Crowninshield employed the "fisherman profile" design in 1913 when commissioned by Chicago condensed milk magnate John Borden to draw up plans for a schooner yacht for Arctic hunting expeditions. Laid down at the Rice Brothers' Yard in East Boothbay, Maine, the vessel was completed by the fall of 1913 at a cost of $50,000.00. Christened Adventuress, the schooner sailed and motored to Seattle, Washington, by way of the Straits of Magellan. There, she was to sail in May 1914 for Wrangel Island "if conditions search of big game." [3] Borden made one voyage to Alaska in Adventuress before selling her at Seattle to the San Francisco Bar Pilots' Association in 1914.

The San Francisco Bar Pilots

The port of San Francisco, which boomed into prosperity as principal American port on the Pacific during the California gold rush and retained its primacy well into the 20th century, was marked by a narrow and treacherous entrance and a shallow bar three miles off the Golden Gate. Beginning in 1849 pilot vessels began service on the bar, and legislative action in 1849, 1850, and 1852, franchised pilot lines and provided for a board of pilot commissioners. In the 1860s the various companies merged to form the San Francisco Bar Pilots' Association. The rugged conditions of the San Francisco Bar wrecked many pilot boats, eight vessels being lost between 1849 and 1914. The 19th pilot vessel to be acquired was Adventuress, purchased to replace the pilot boat Pathfinder which had wrecked at Point Diablo in the fog on January 14, 1914. Brought to San Francisco, Adventuress remained in service as pilot boat "15" from 1914 to 1952. [4] In March 1936, the typical routine of Adventuress and her two sailing mates, the pilot boats Gracie S. and California, was described:

Three beautiful schooners make up the fleet of the San Francisco Bar Pilots. Two of them-- the California and the Gracie S.--are known as station ships and their job is to alternate on the sea patrol, five days out and five days in. The third boat, the Adventuress, shuttles back and forth, also always on call, taking out pilots or bringing back pilots or carrying supplies or needed equipment. The boats are under sail constantly except when powering in and out of the Gate. [5]

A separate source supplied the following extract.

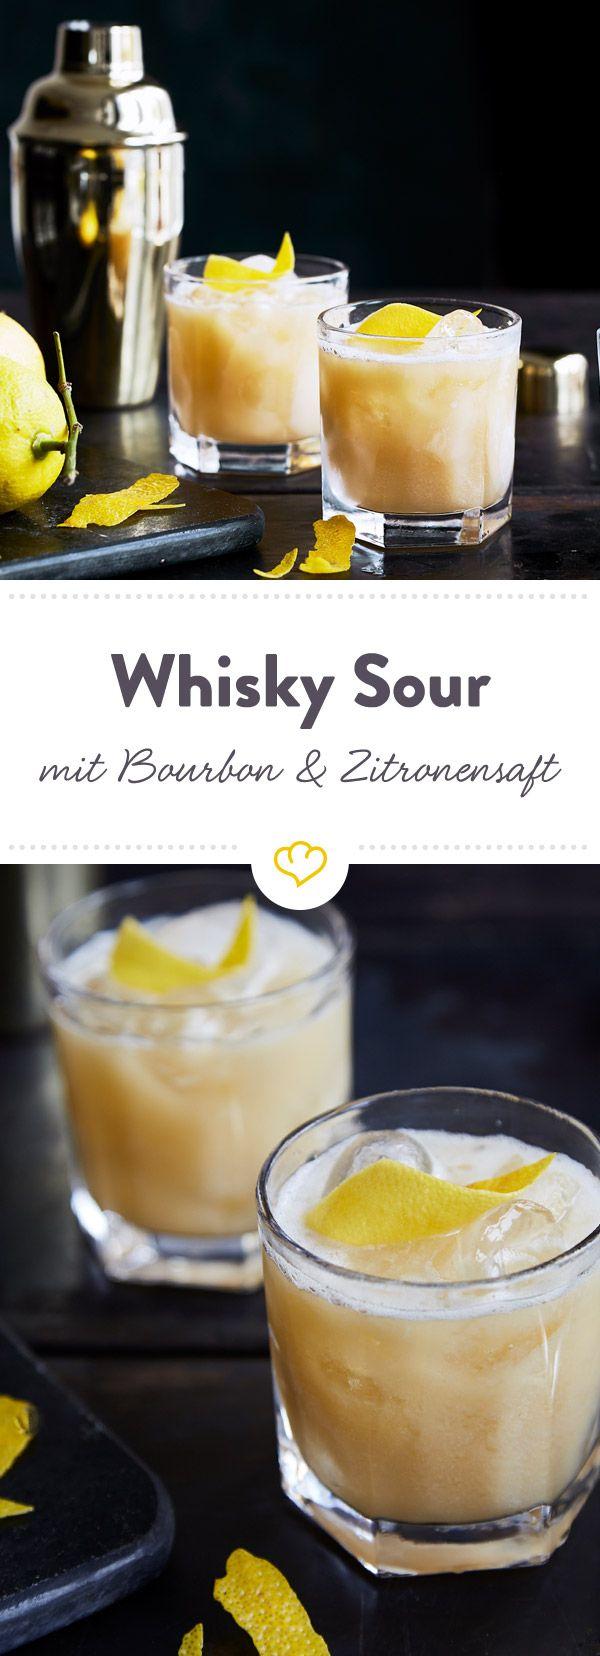 whisky sour cocktail rezept party snacks drinks. Black Bedroom Furniture Sets. Home Design Ideas

Photo courtesy of Youth Adventure Inc., 1986.
Retired and sold in 1952, Adventuress passed through several private owners before being acquired by the present owners, Youth Adventure, Inc., who operate the vessel as a sailing school offering training for youths and adults in sailing, safety, and "other constructive sea-oriented activities," keeping Adventuress active and alive as she nears her 75th birthday.

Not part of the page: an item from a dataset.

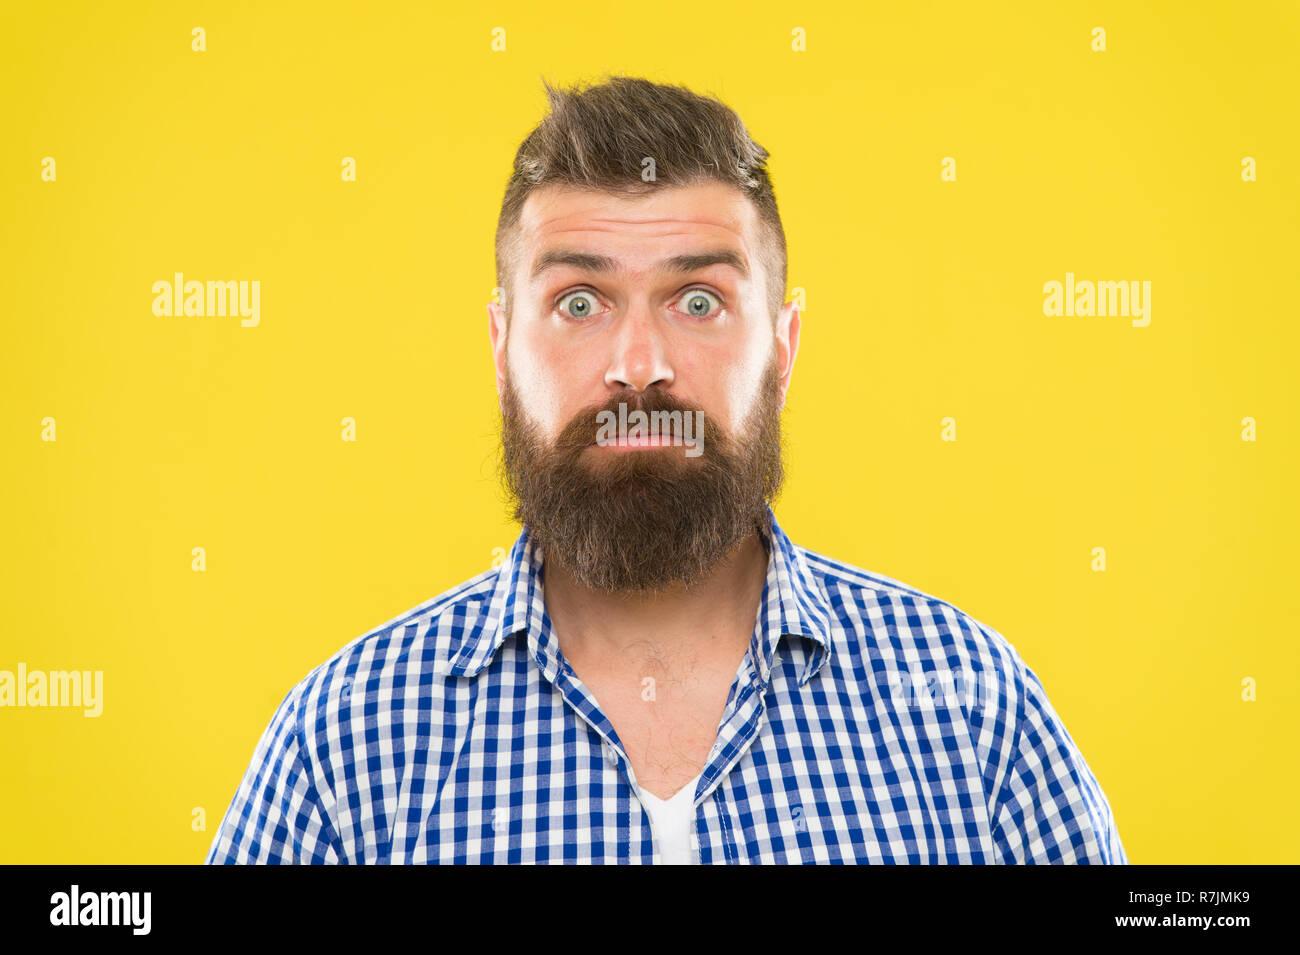 Sorprendente noticia. El hombre barbado hipster preguntándose cara fondo amarillo de cerca. Guy sorprendida expresión de cara. Hipster con la barba y el bigote sorprendida expresión emocional. Sorprendido rústico macho. Imagen De Stock

1. Howard I. Chapelle, The American Fishing Schooners, 1825-1935 (New York: W.W. Norton and Co., Inc., 1973) pp. 244-245.

2. Ibid., p. 221.

3. "Auxiliary Schooner Adventuress," The Rudder, October 1913, pp. 246-247.

4. List of San Francisco Bar Pilot Boats, (n.d.) manuscript at the National Maritime Museum, San Francisco; discussion with Capt. Robert Daly, S.F. Bar Pilot (retired) and Bar Pilot Historian, July 1, 1988.

5. Sam M. Hawkins, "The San Francisco Pilot Boats," Pacific Motor Boat, March 1936, p. 15.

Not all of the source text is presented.